Limitations of our study include the small cohort size as well as the selection of probands for inclusion based on high a priori suspicion of a mendelian condition based on clinical characteristics. Future work should include a larger sample size of less highly selected patients with pediatric SNHL.
Conclusions
Long read sequencing, while not in use clinically, has shown promise as a single test capable of detecting diverse genomic variant types in both simple and complex genomic regions. We describe four diagnoses identified in a cohort of 19 pediatric patients with SNHL who had undergone extensive nondiagnostic testing prior to lrGS, further highlighting the promise of this technology to significantly increase diagnostic rates.
Data Availability
Most data needed to evaluate the conclusions in the paper are present in the paper and/or the Supplementary Materials. Additional data related to this paper may be requested from the authors.

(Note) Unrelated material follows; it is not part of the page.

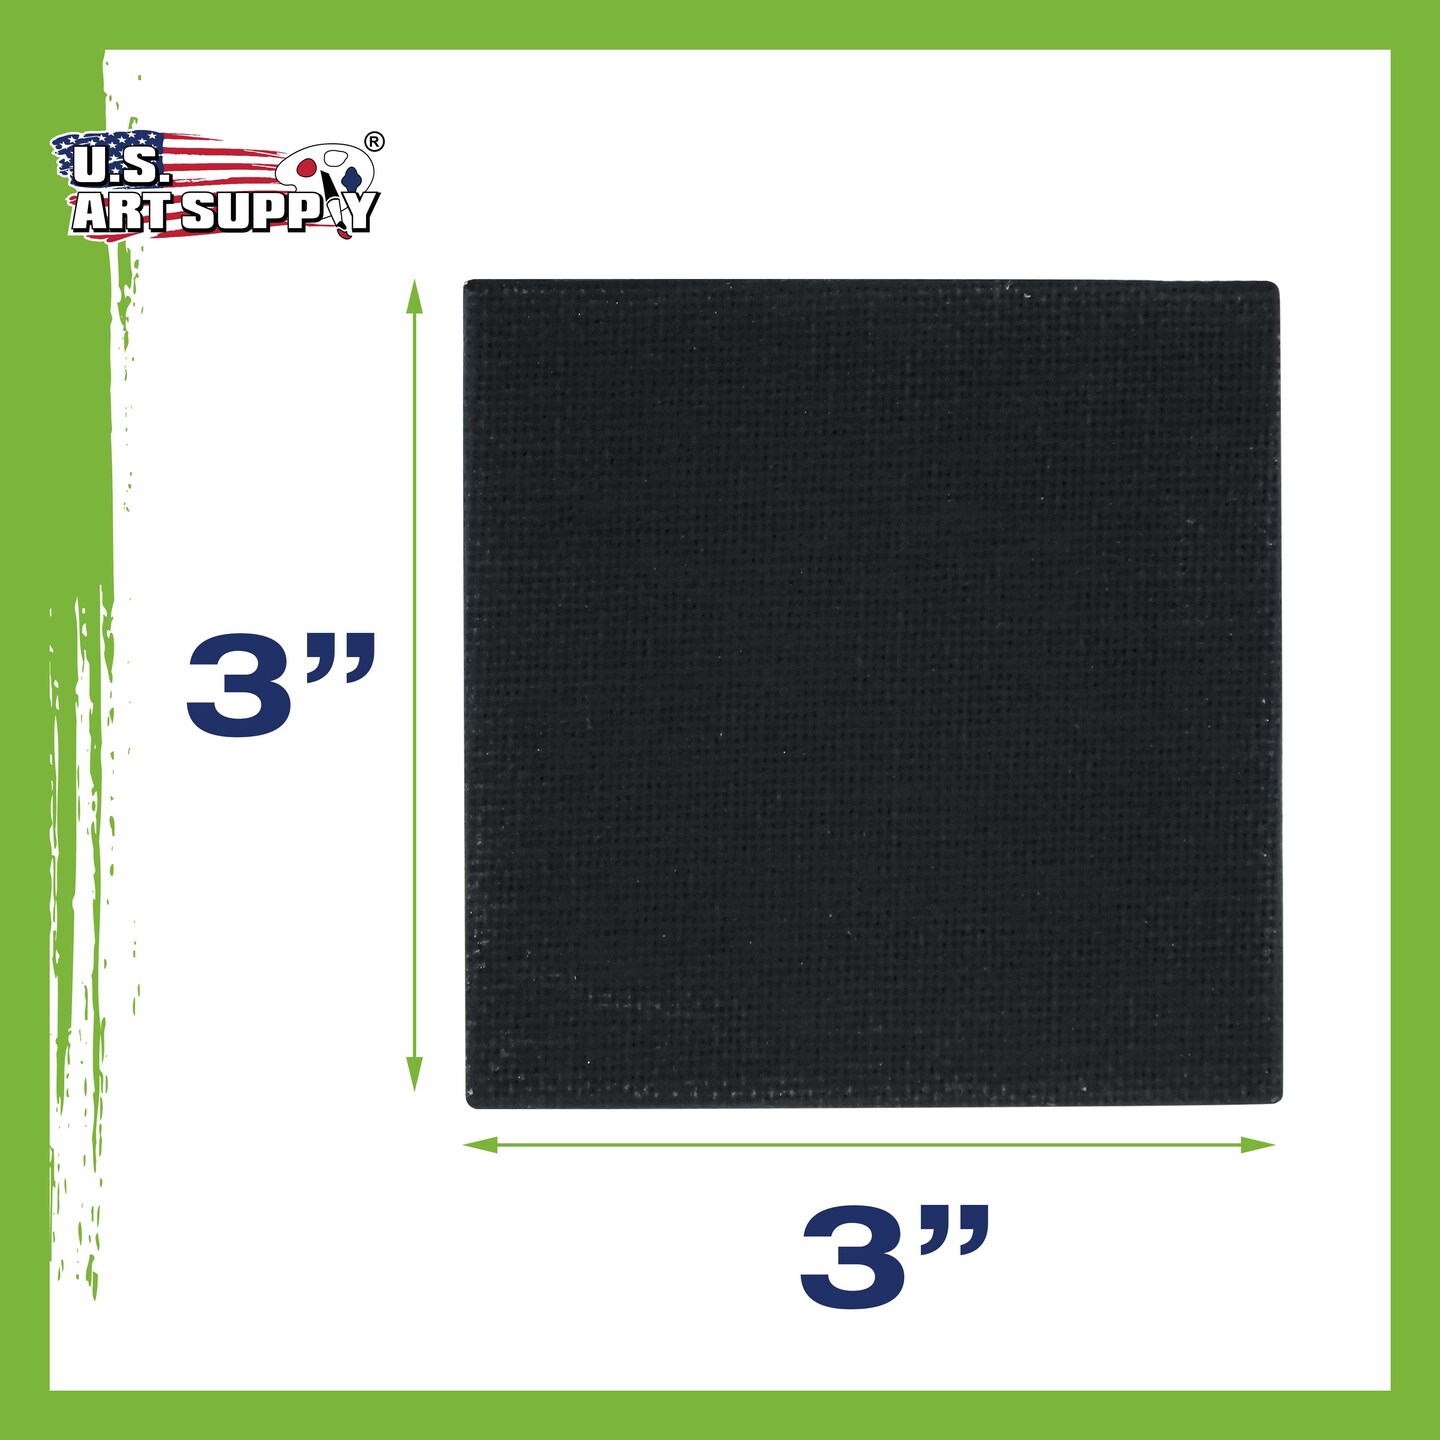 3&#x22; x 3&#x22; Black Mini Professional Primed Stretched Canvas 12 Pack
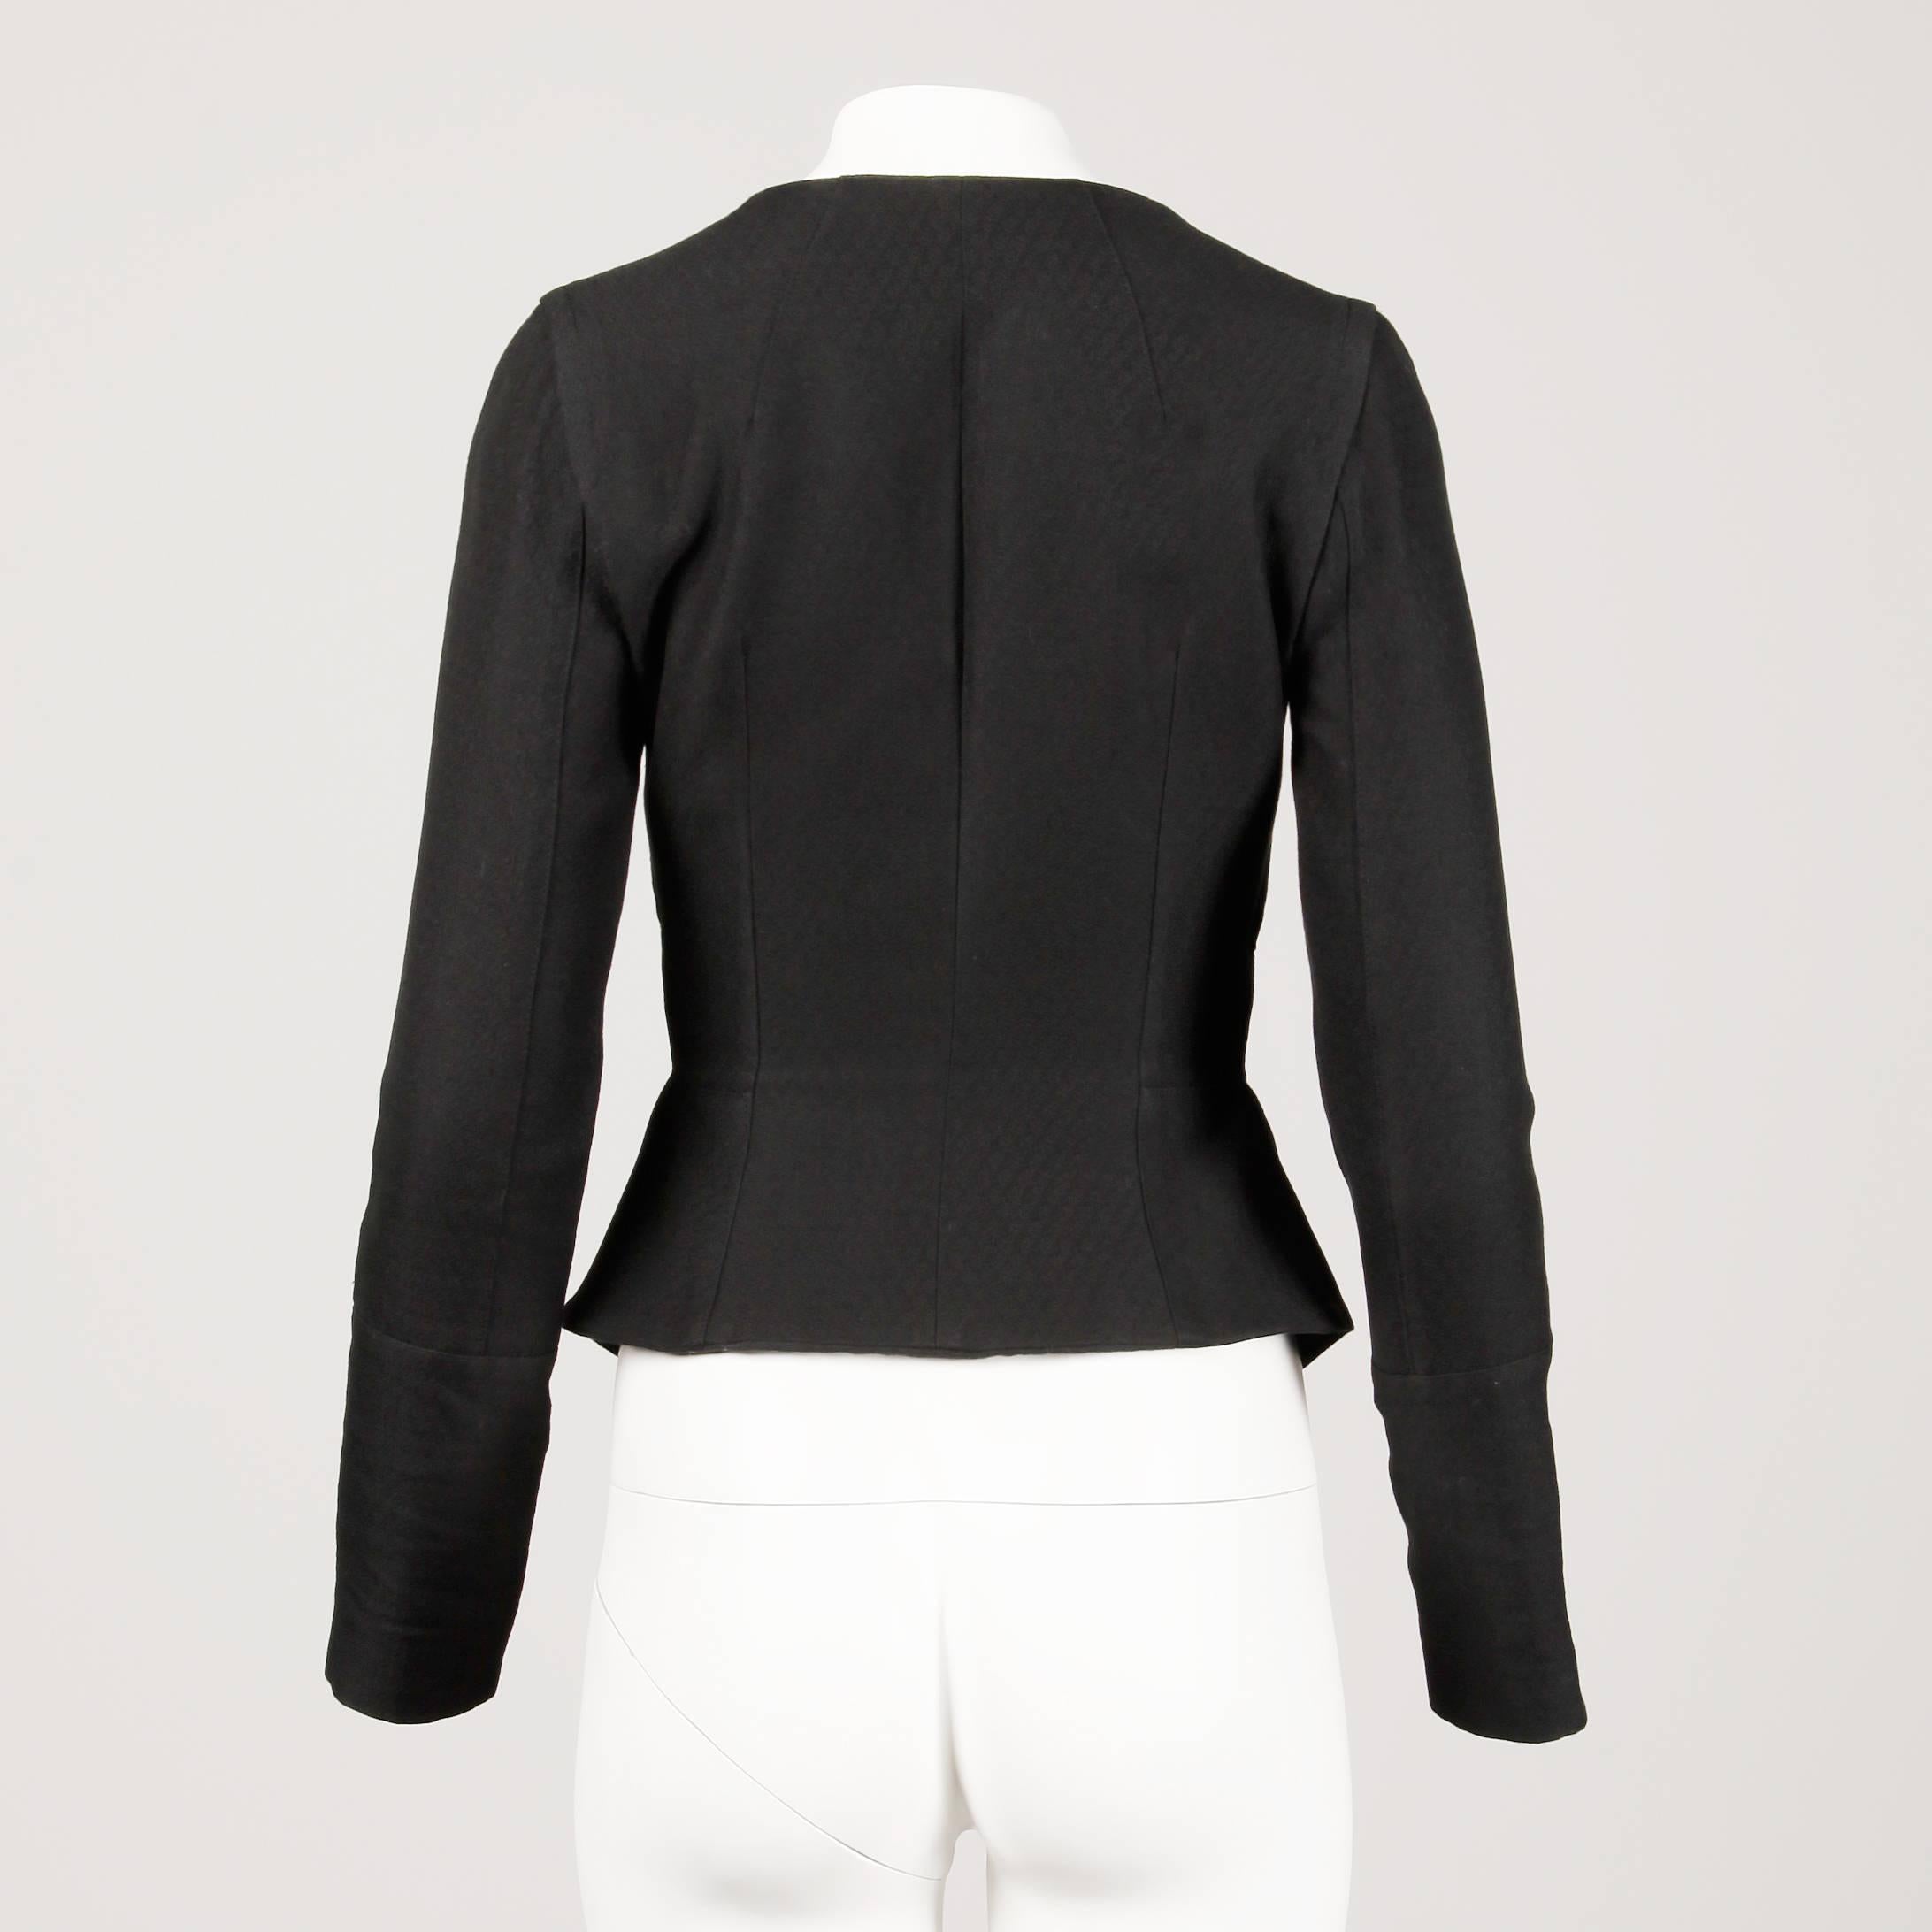 Alessandro Dell'acqua Black Avant Garde Blazer Jacket In Excellent Condition For Sale In Sparks, NV

Statements and Declarations
Funding
This work was funded by NIDCD K08 DC19716 and by Escuchar Sin Fronteras Foundation to AES with support from the Boston Children’s Hospital Rare Disease Cohort Initiative.
Author contributions
AES and SER conceived the study. CTS and JMH contributed software. AES, CEF, CN, SER, WJR, and WS performed formal analyses that were validated by AES, CEF, SER, and WS. MZ, AP, CF, CL, EML, SER, and TS conducted the investigation process. AES, MK, and SER secured patient resources. AES, CEF, SER, and WS performed data curation. AES and SER wrote the original draft. AES, CEF, CN, EML, MK, SR, SER, WJR, and WS contributed to reviewing and editing. AES and SER prepared figures. AES, ME, MK, and SR provided supervision. SER, SR, and CEF contributed to project administration. All authors reviewed and approved of the manuscript.
Data Availability
Most data needed to evaluate the conclusions in the paper are present in the paper and/or the Supplementary Materials. Additional data related to this paper may be requested from the authors.
Compliance with ethical standards
Conflict of interest
AES is the principal investigator of an investigator initiated clinical trial, Genetic Newborn Hearing Screening, funded by Akouos/Eli Lilly; the site principal investigator of the sponsored Phase I/II clinical trial OTOF gene therapy with Akous/Eli Lilly; and on the advisory board without compensation for Akous/Eli Lilly and Decibel/Akous. WJR, CN, JMH, CTS, CF, EML, CL, and MAE are employees and shareholders of PacBio. The other authors have no conflicts of interest to declare.
Ethics approval
This study was approved by the institutional review board of Boston Children’s Hospital (IRB P00035179 and P00031494)
Consent to participate
Written informed consent was obtained from all participants.
Consent to publish
Consent to publish was obtained from all participants.
Acknowledgments
We thank the families for their participation.